我不确定地址标记(例如address+tag@domain.org)是否是我提到的RFC的一部分,但我希望正则表达式能够对其进行验证.

I'm not sure if address tags (e.g. address+tag@domain.org) are part of the RFCs I mentioned, but I would like the regex to validate these.

应该正确地正确处理IPv6( RFC5952 ).

IPv6 should definitly be handled correctly (RFC5952).

据我了解国际化电子邮件( RFC6530 RFC6532 RFC6533 )仍处于实验阶段,但是验证这些地址的表达式也很有趣

As I understand internationalized email (RFC6530, RFC6531, RFC6532, RFC6533) is still in the experimental phase, but an expression validating these addresses would also be interesting.

要使答案普遍有趣,如果任何正则表达式为POSIX格式,那将是很好的选择.

To make the answers universally interesting it would be nice if any regular expressions were in POSIX format.

推荐答案

嵌套的注释使电子邮件地址的语法不规则(无上下文).但是,如果您排除注释,则语法是正常的.主要定义允许在词法标记(例如a @ b.com)之间使用(折叠)空格.删除所有折叠的空白将产生规范形式.

Nestable comments make the grammar for email-addresses irregular (context-free). If you preclude comments however, the resulting grammar is regular. The primary definition allows for (folding) whitespace between lexical tokens (e.g. a @ b.com). Removing all folding whitespace results in a canonical form.

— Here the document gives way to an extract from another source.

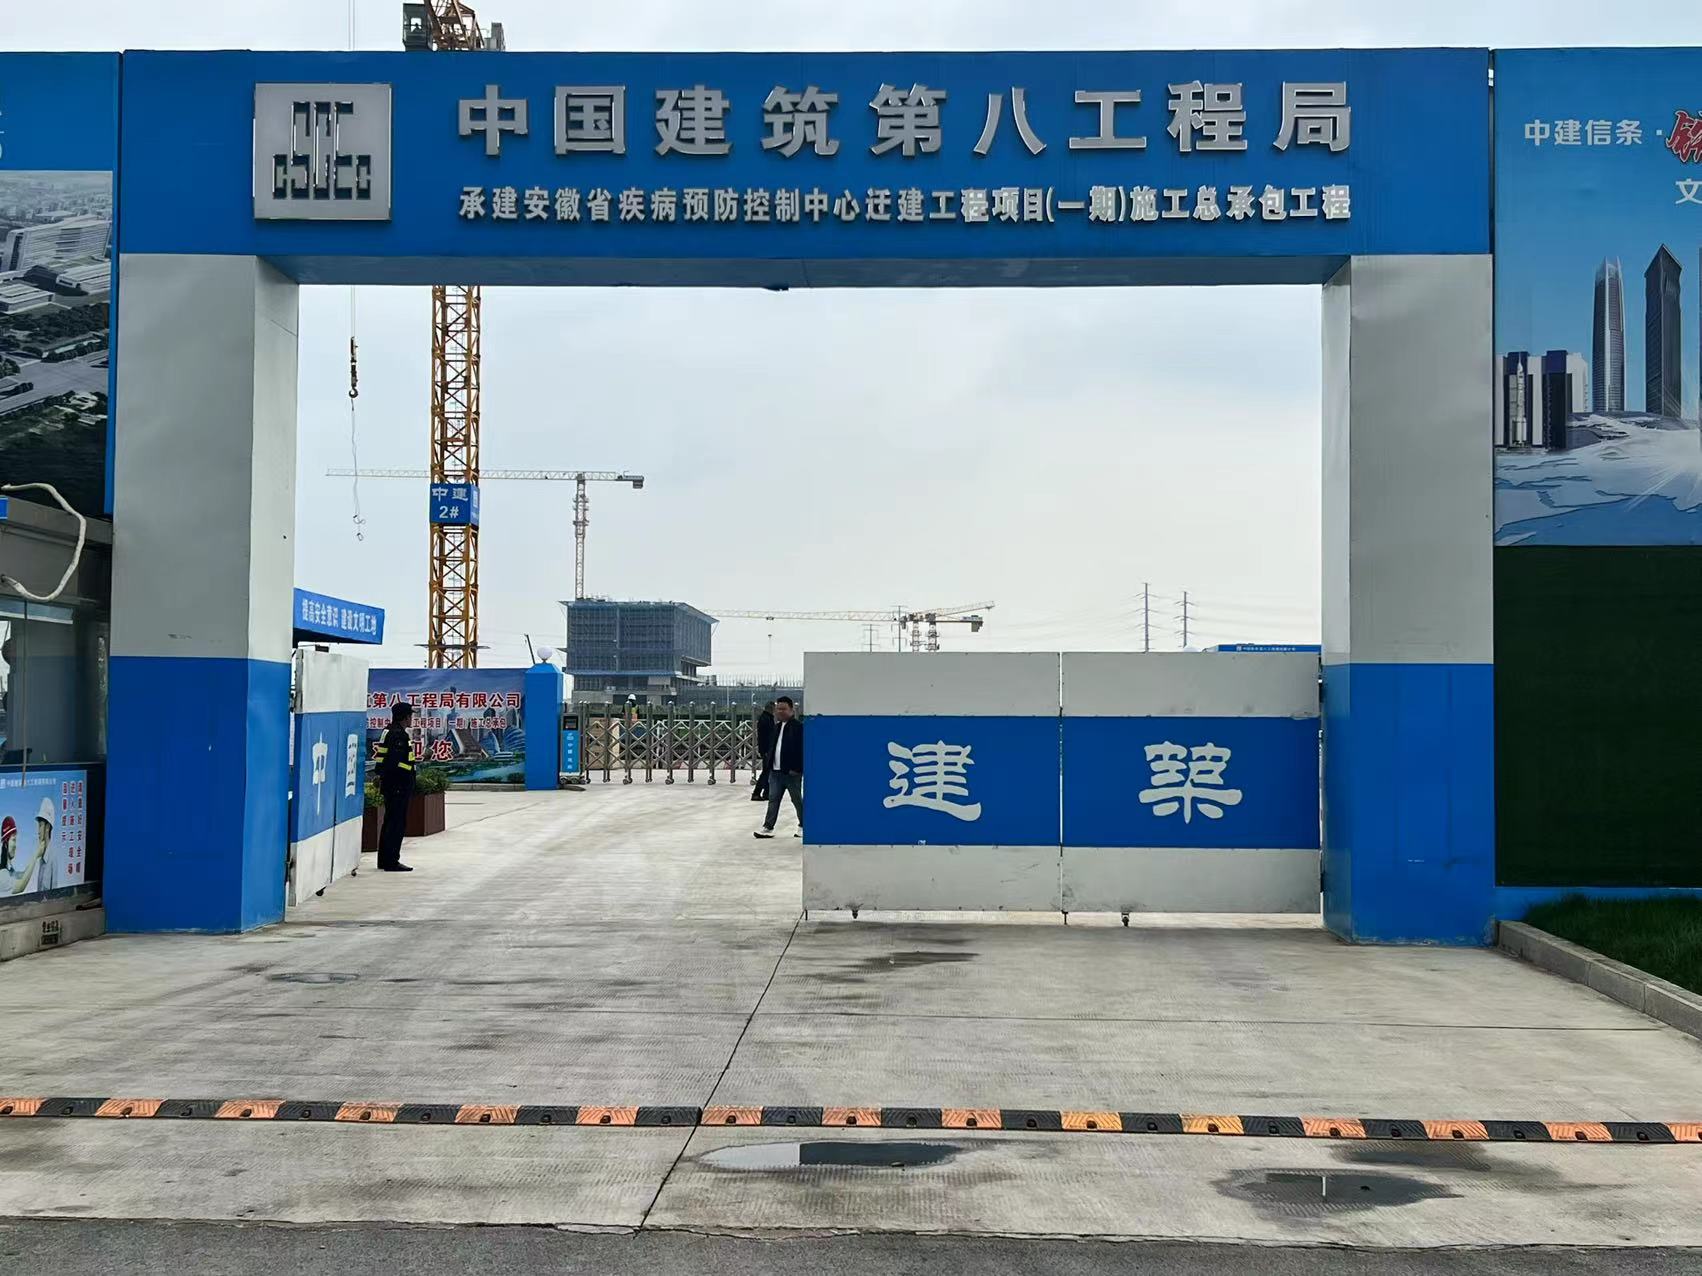 安庆安徽省预防疾病控制中心
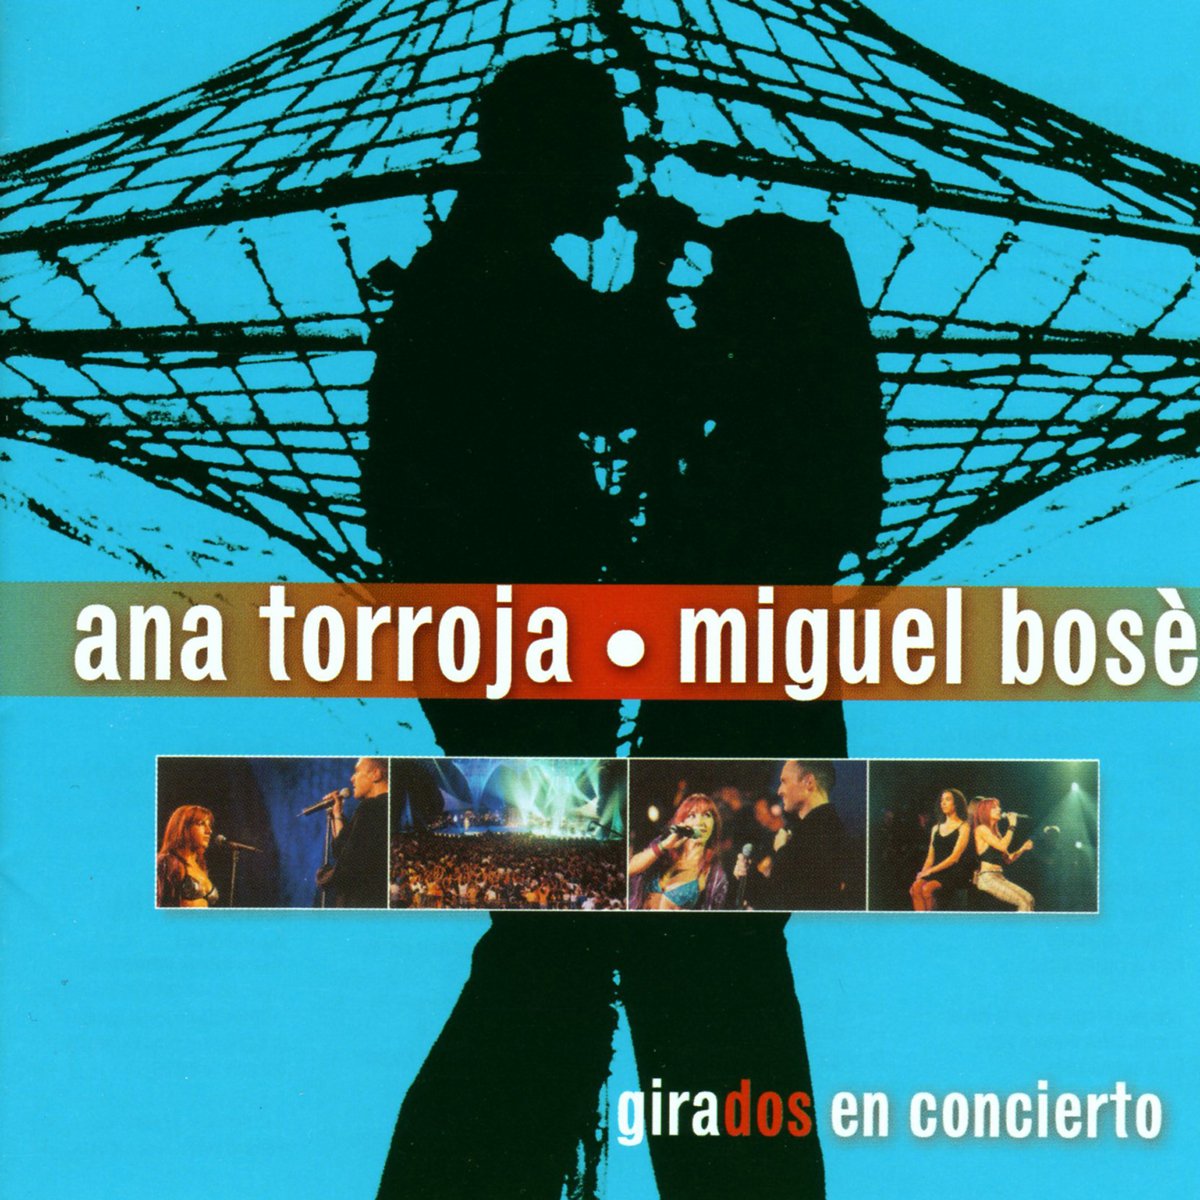 Cd+Dvd Miguel Bose & Ana Torroja Girados

这是根据RFC 5322(不包括注释)的规范电子邮件地址的正则表达式:

This is the regex for canonical email addresses according to RFC 5322 (precluding comments):

([!#-'*+/-9=?A-Z^-~-]+(\.[!#-'*+/-9=?A-Z^-~-]+)*|"([]!#-[^-~ \t]|(\\[\t -~]))+")@([!#-'*+/-9=?A-Z^-~-]+(\.[!#-'*+/-9=?A-Z^-~-]+)*|\[[\t -Z^-~]*])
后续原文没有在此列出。